THE PROBLEM:
Without the images, reproduce each line of the material exactly.

++++ SOURCE MATERIAL

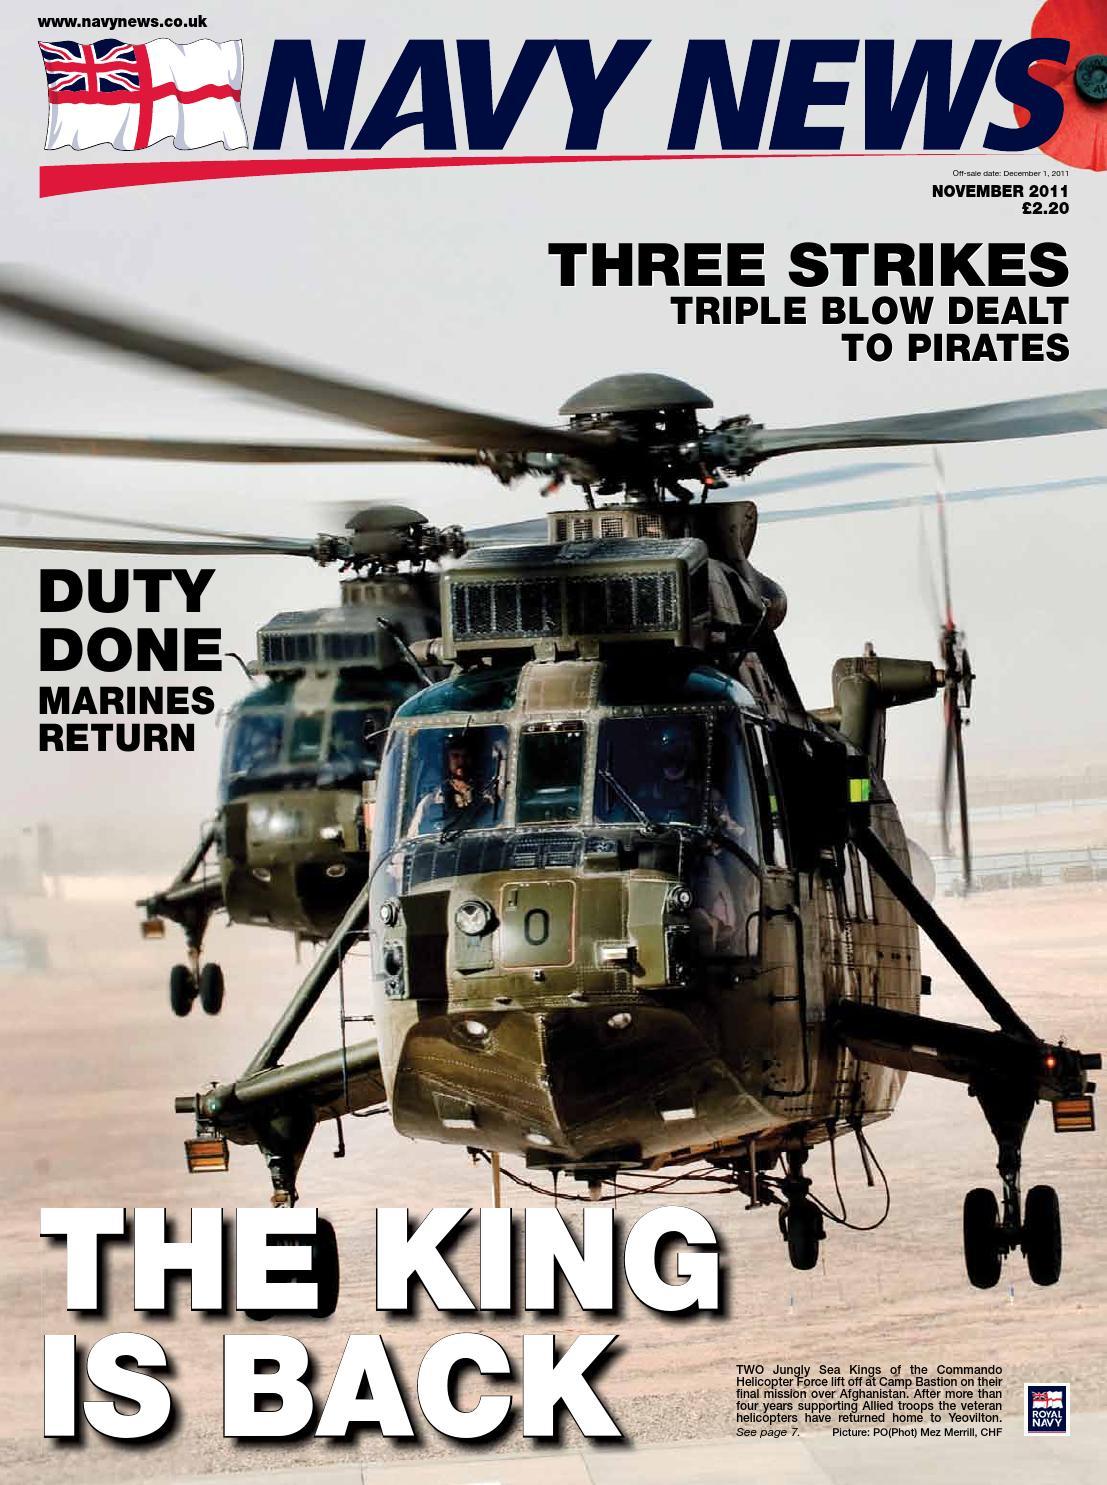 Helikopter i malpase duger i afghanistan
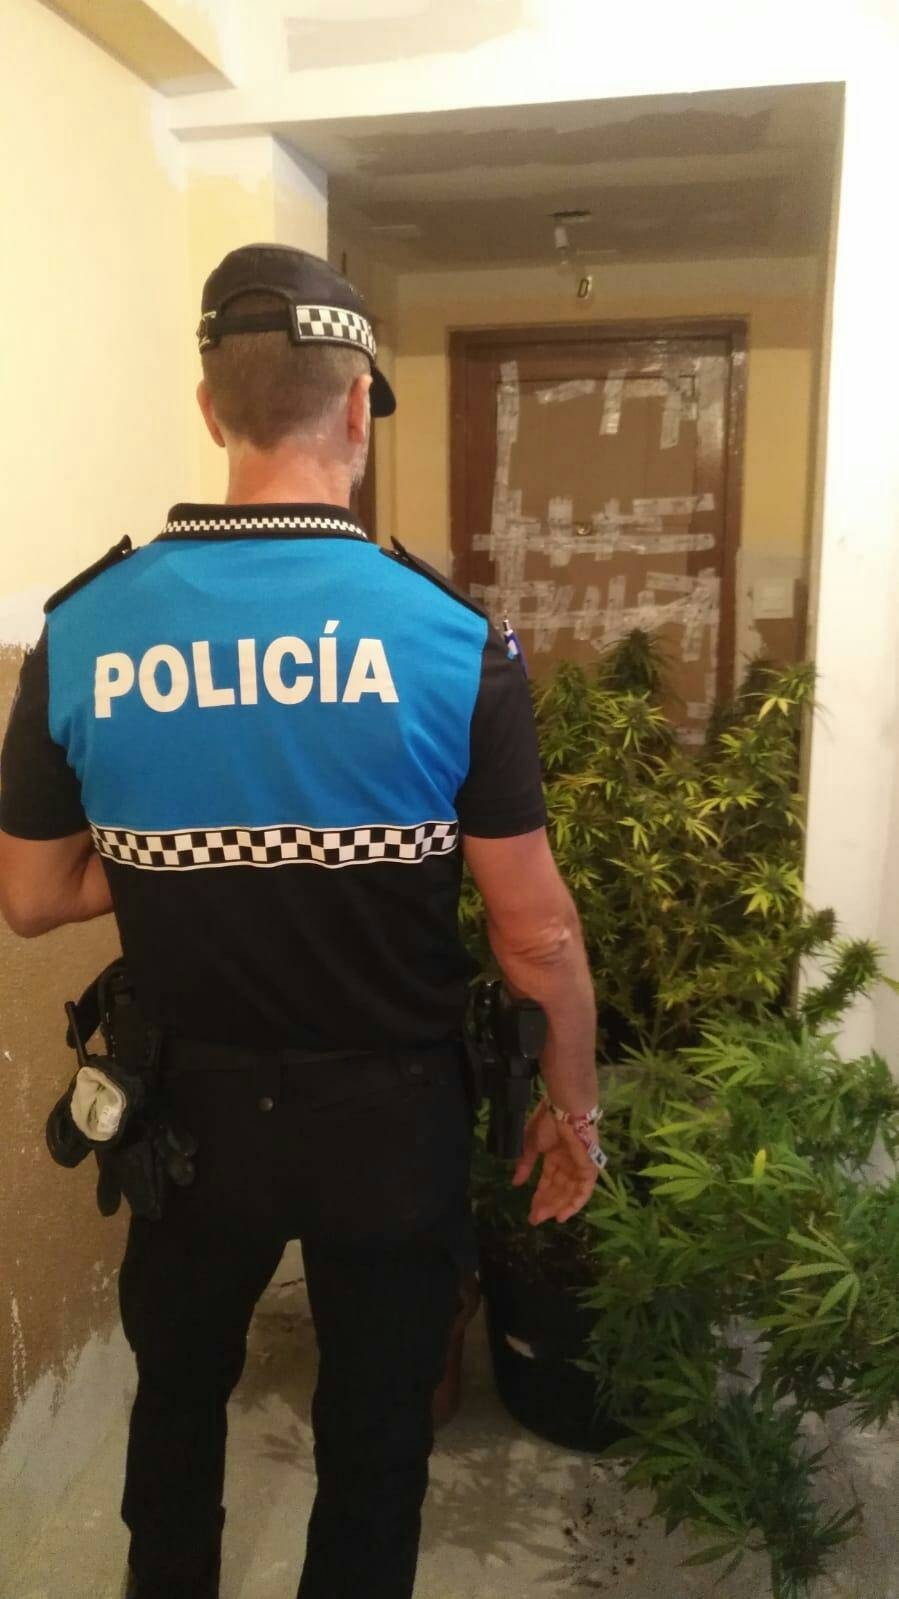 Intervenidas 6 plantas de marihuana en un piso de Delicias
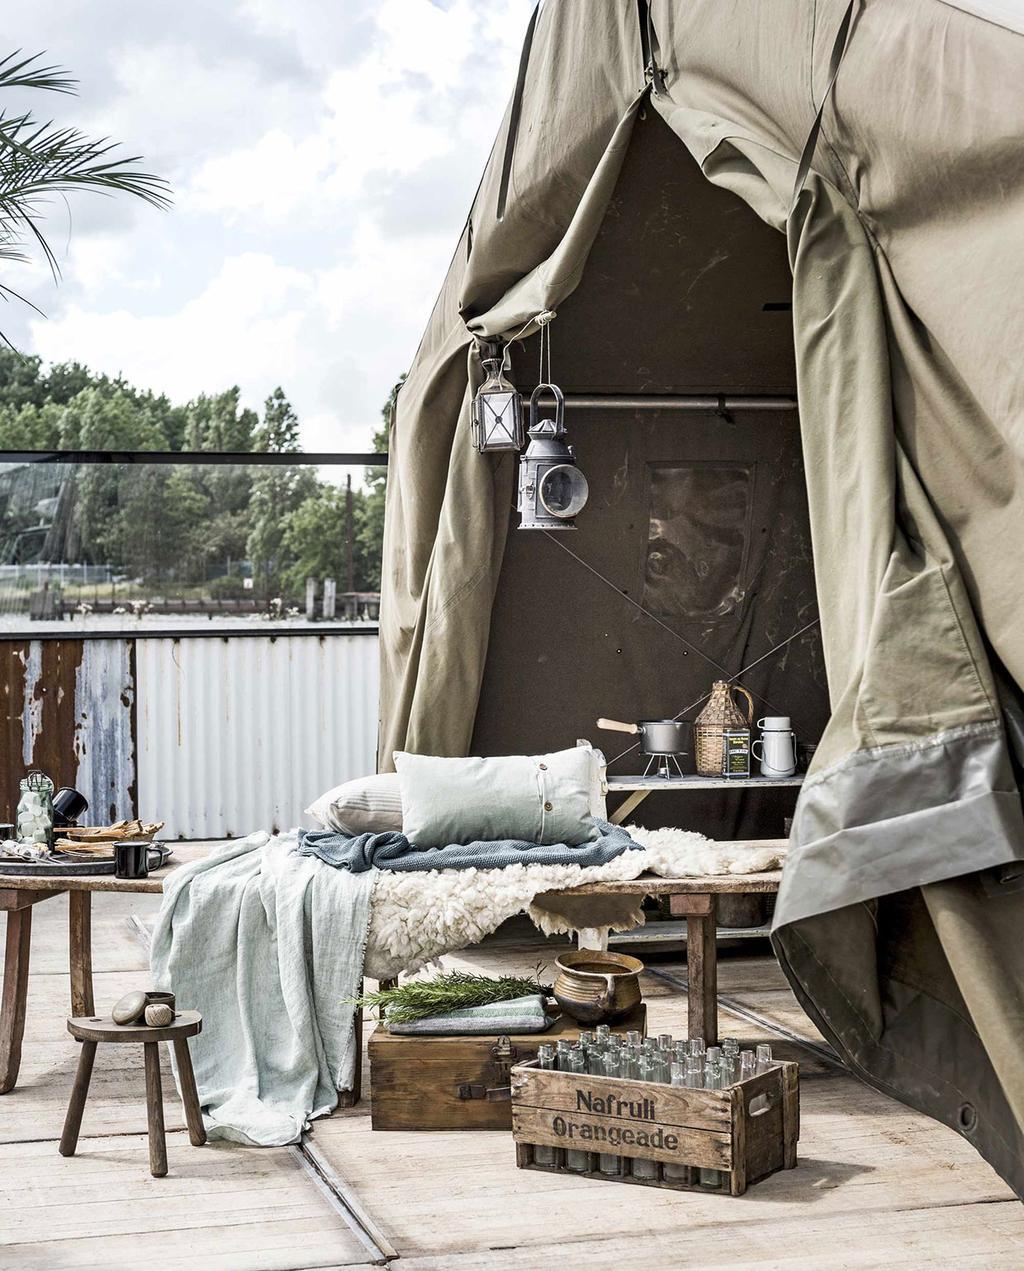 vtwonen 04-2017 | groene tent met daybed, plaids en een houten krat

++++++++

ANSWER BOX:
 Helikopter i malpase duger i afghanistan
 Intervenidas 6 plantas de marihuana en un piso de Delicias
 vtwonen 04-2017 | groene tent met daybed, plaids en een houten krat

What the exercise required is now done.